MK Sebut ‘Presidential Threshold’ Bertentangan dengan Konstitusi

20250102-suhartoyo-2jan2025
Ketua MK Suhartoyo saat membacakan amar putusan Perkara Nomor 62/PUU-XXII/2024, Kamis, 2 Januari 2025. (Foto: MK/Humas/Bayu)

maiwanews – Mahkamah Konstitusi menyebut Presidential Threshold sebagaimana tercantum dalam Pasal 222 Undang-Undang Nomor 7 Tahun 2017 tentang Pemilihan Umum bertentangan dengan konstitusi.

Pasal ini menyatakan bahwa pasangan calon diusulkan oleh partai politik atau gabungan partai politik peserta pemilu dengan syarat perolehan kursi paling sedikit 20% dari jumlah kursi DPR (Dewan Perwakilan Rakyat) atau memperoleh 25% dari suara sah secara nasional pada Pemilu Anggota DPR periode sebelumnya.

Tidak hanya bertentangan dengan hak politik dan kedaulatan rakyat, PT (Presidential Threshold) juga dinilai melanggar moralitas, rasionalitas, dan ketidakadilan intolerable serta nyata-nyata bertentangan dengan Undang-Undang Dasar Negara Republik Indonesia Tahun 1945.

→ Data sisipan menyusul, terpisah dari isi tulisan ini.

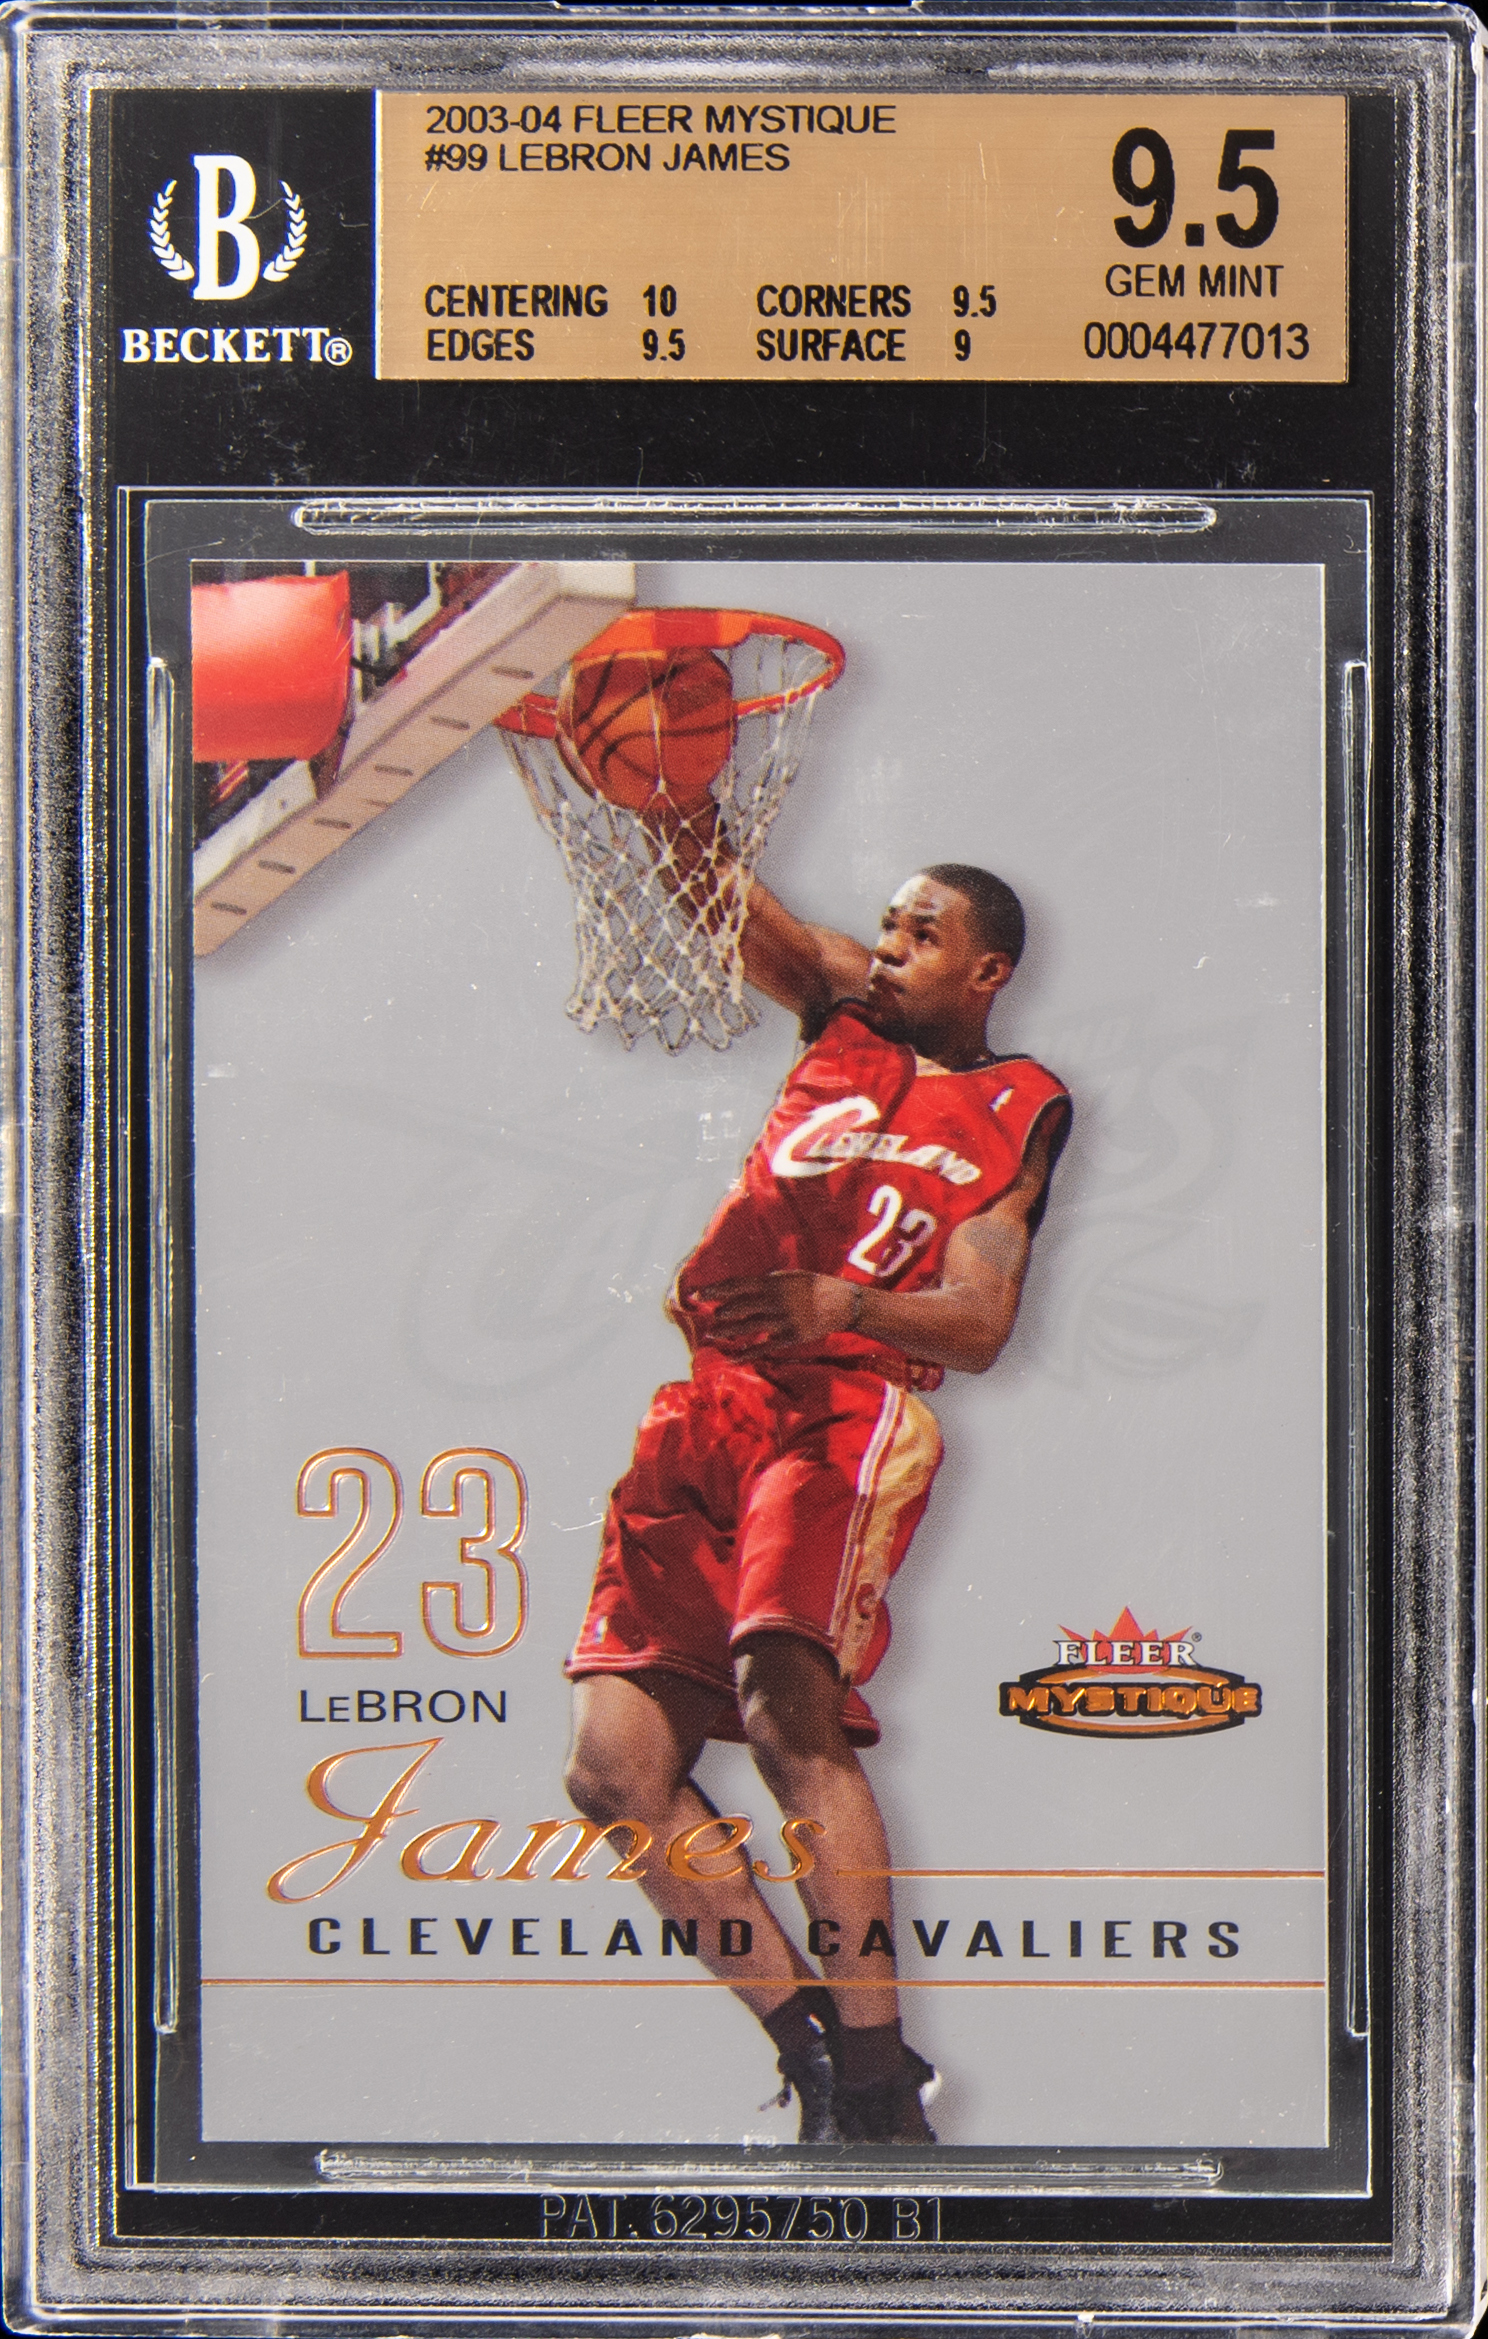 2003-04 Fleer Mystique #99 LeBron James Rookie Card (#827/999) – BGS GEM MINT 9.5

Alasan ini menjadi dasar bagi Mahkamah untuk bergeser dari pendirian dalam putusan-putusan sebelumnya terkait uji materi ambang batas pencalonan presiden. Pergeseran pendirian tersebut tidak hanya menyangkut besaran atau angka persentase ambang batas, tetapi jauh lebih mendasar adalah rezim ambang batas pengusulan pasangan calon presiden dan wakil presiden.

“Berapapun besaran atau angka persentasenya adalah bertentangan dengan Pasal 6A ayat (2) UUD NRI Tahun 1945,” ujar Wakil Ketua MK Saldi Isra saat membacakan pertimbangan hukum Perkara Nomor 62/PUU-XXII/2024 pada Sidang Pengucapan Putusan di Ruang Sidang Pleno MK pada Kamis, 2 Januari 2025.

“Menyatakan norma Pasal 222 Undang-Undang Nomor 7 Tahun 2017 tentang Pemilihan Umum bertentangan dengan Undang-Undang Dasar Negara Republik Indonesia Tahun 1945 dan tidak mempunyai kekuatan hukum mengikat,” ucap Ketua MK Suhartoyo.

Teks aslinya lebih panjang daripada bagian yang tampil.